In a final layer of adaptive technique, the narrator describes the history of each ballet’s staging. These are the least interpretive sections of the book, although they contain the most intriguing stories. Of Swan Lake, for example, we read that, “Although he doesn’t get the credit, Ivanov, who was Petipa’s assistant, is the one who understood the complexity of Tchaikovsky’s music, and the dances he made express the somber mood of the minor key by sometimes subverting it.” The consideration of ballet’s history becomes a third strand in this book’s rope. We read that Rudolf Nureyev, the famous Soviet defector, literally danced himself away from the hired goons who came to take him back to the USSR and kill his career.

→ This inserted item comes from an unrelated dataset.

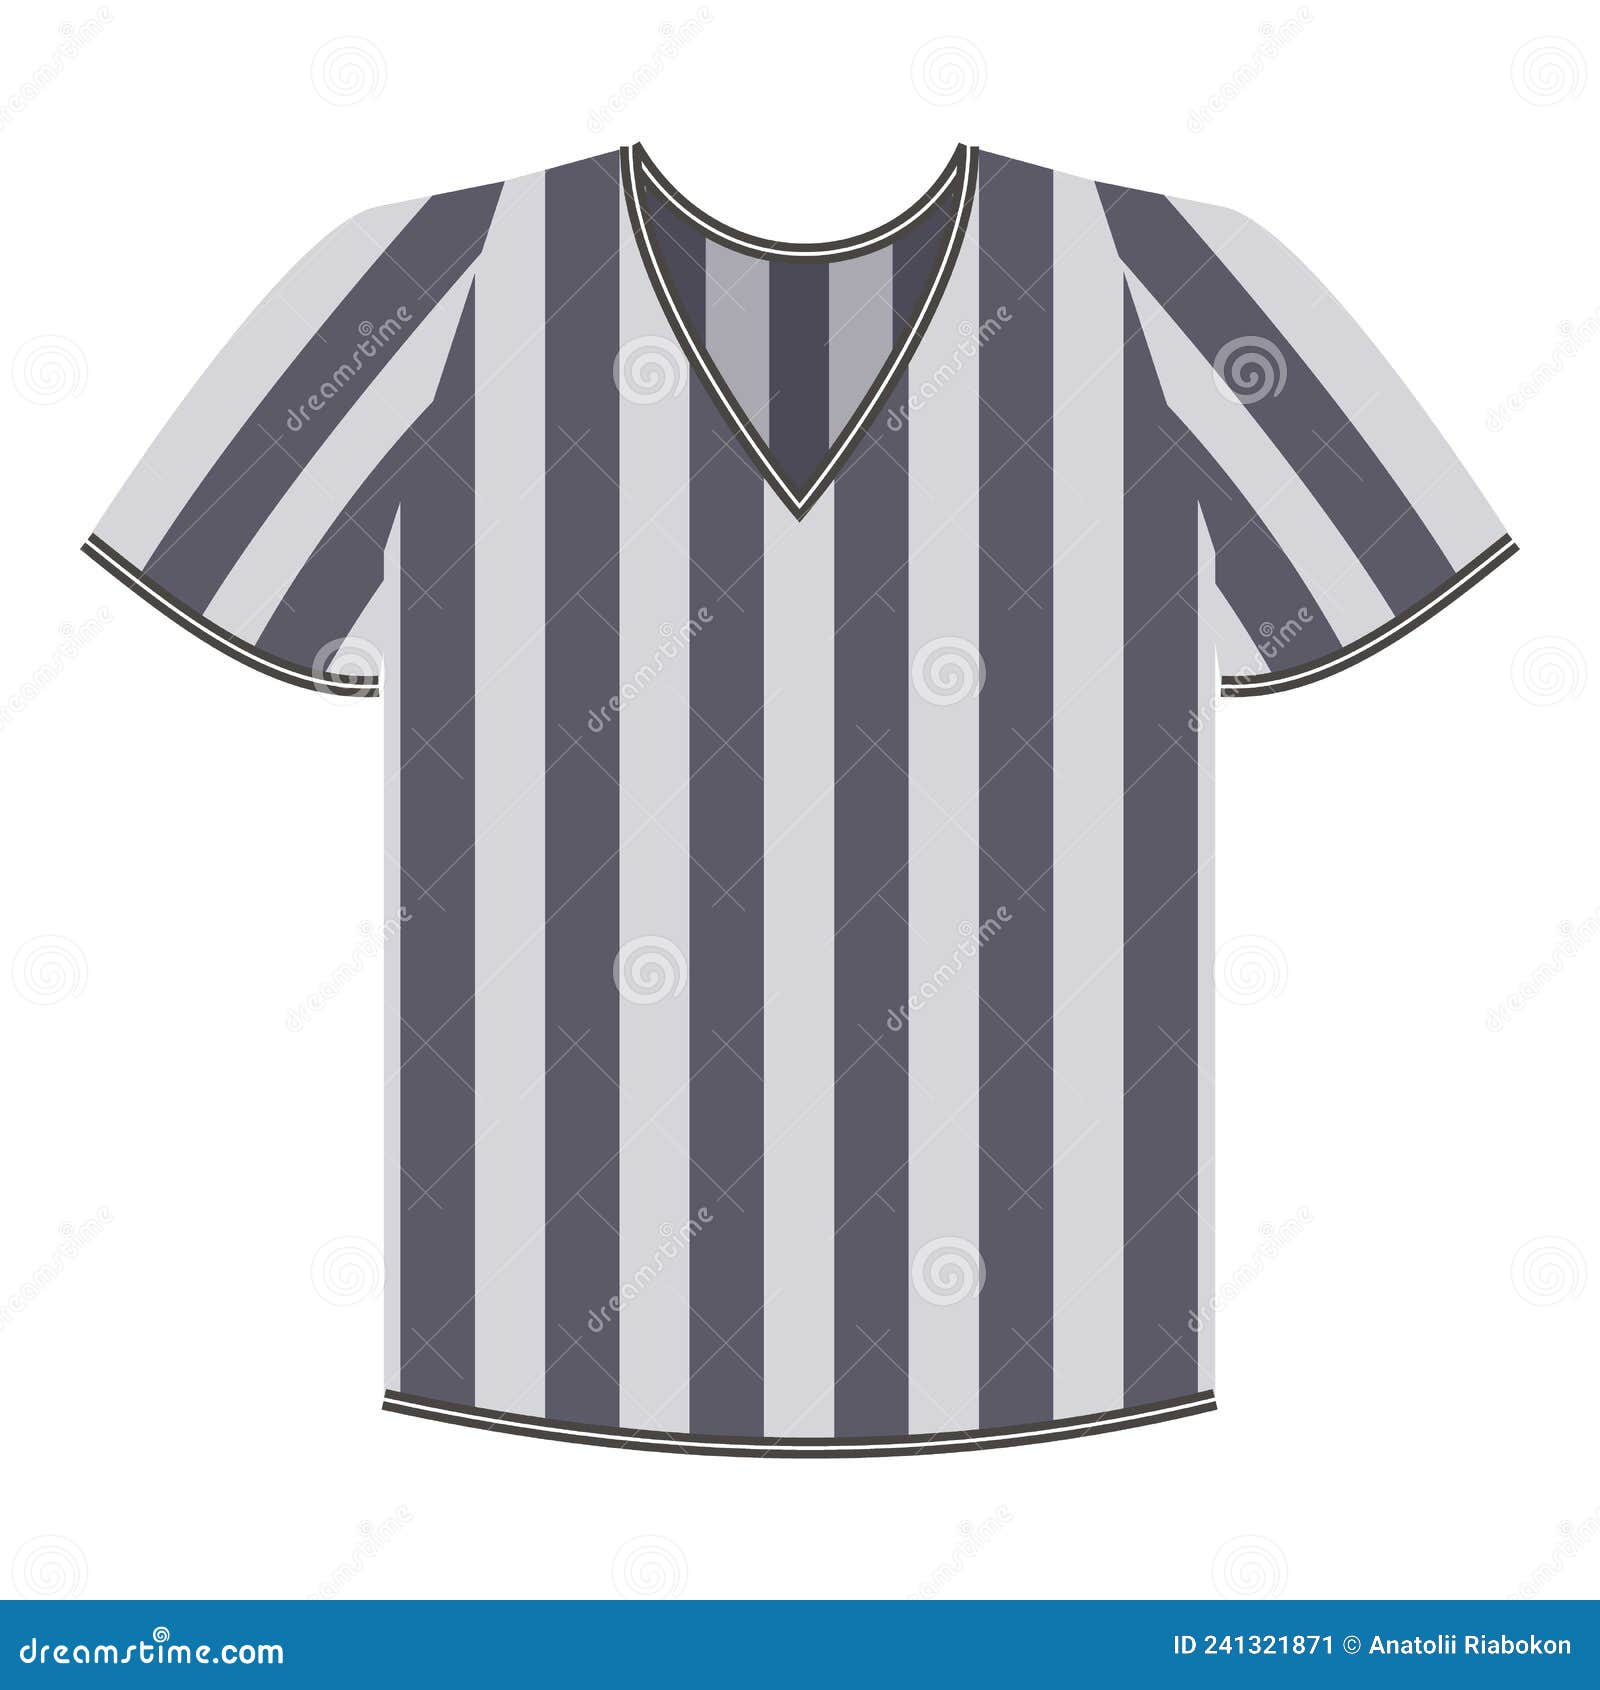 Referee Shirt Icon Cartoon Vector. Basketball Equipment Stock Vector ...

The most complicated elements of The Complete Ballet are the unspeakable fact of the daughter’s death, and the representation of the lives of ballet dancers and choreographers. These two parts of Haskell’s work do not fit into the easy, supple adaptation-play that governs the rest of it. But since they stick out, undissolved into the body of the work, the history of ballet and the dead child take on a marvelous quality. The extraordinary fact that men and women labored to create a spectacle in which a woman acts the death of a heartbroken bird is too extraordinary to fold into writing. Likewise, the horrifying cancellation of the person for whom one is responsible and loves the most in the whole world is an inexpressible event.

The Complete Ballet is a very absorbing, even thrilling, novel. It feels reductive to call it an exploration of the limits of a medium to describe an experience. But Haskell’s achievement lies in both the sustained emotional stakes of his book and in the fruitful experiment in adaptation and ekphrasis. Not all feelings can be given voice, either in literature or in dance. Nor are gesture and language always connected by an open channel of translation. By occupying that difficult channel and refusing to budge, however, The Complete Ballet has changed its shape.